On a hiding to nothing heading into their first ever finals appearance, they were hammered by the Minor Premiers, the Parramatta Eels 56–12. The loss was at the time the largest in finals series history, but at last things seemed to be going in the right direction at the Warriors.

Minor Premiership and Grand Final – 2002

 The Warriors reached their zenith to date in the National Rugby League season 2002. They won the Minor Premiership, finishing in first place at the conclusion of the regular season after Canterbury lost 37 competition points late in the season due to severe salary cap breaches. The club played what stands as the first finals match to have been held outside Australia at Mt Smart Stadium in the first week of the Finals Series. The Warriors would defeat their bogey side Canberra 36–20 after surviving an early scare.
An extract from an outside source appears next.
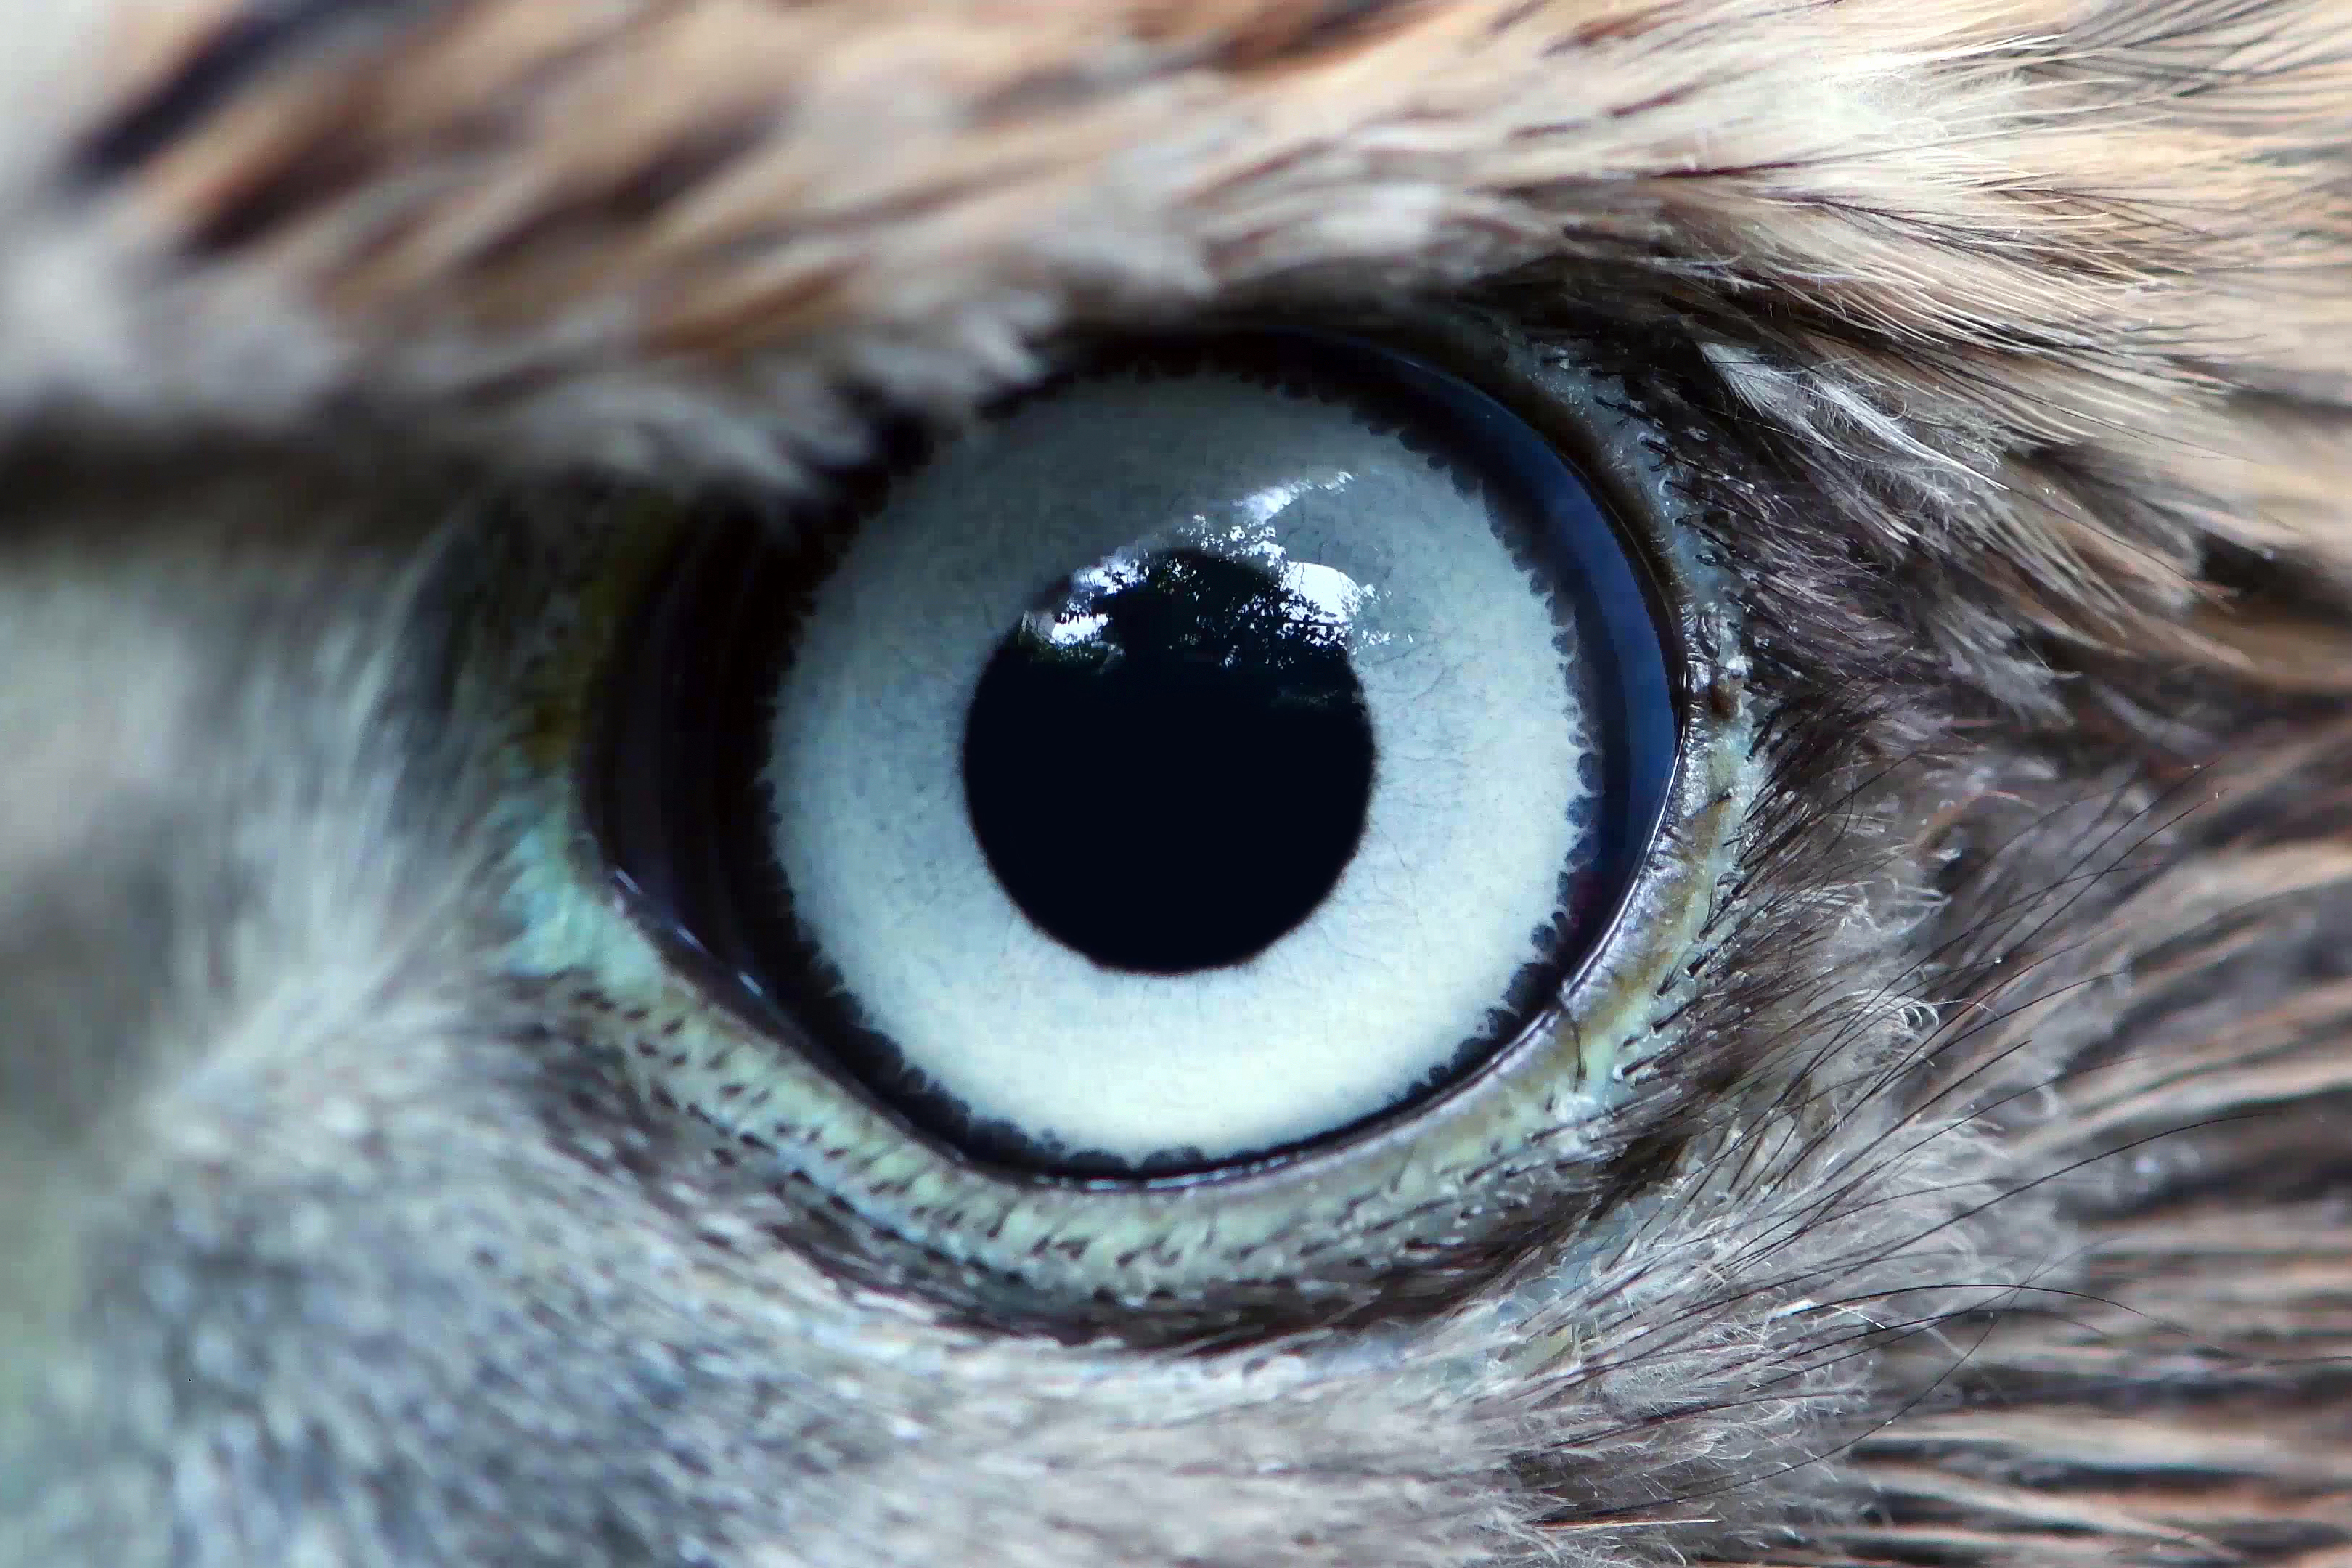 Eagle eye close-up, macro, eye of young Goshawk (Accipiter gentilis).

For the Preliminary Final against the Cronulla-Sutherland Sharks at Stadium Australia the Warriors' sponsors, such as Vodafone New Zealand and Eric Watson, purchased 15,000 tickets and gave them away for free to anyone with a New Zealand passport. Reportedly, in the 45,000 crowd there were more Warriors supporters than Cronulla supporters – astonishing considering Cronulla are a Sydney-based club. The Warriors went on to win 16–10 with John Carlaw scoring a famous try after latching onto a pinpoint Stacey Jones grubber-kick.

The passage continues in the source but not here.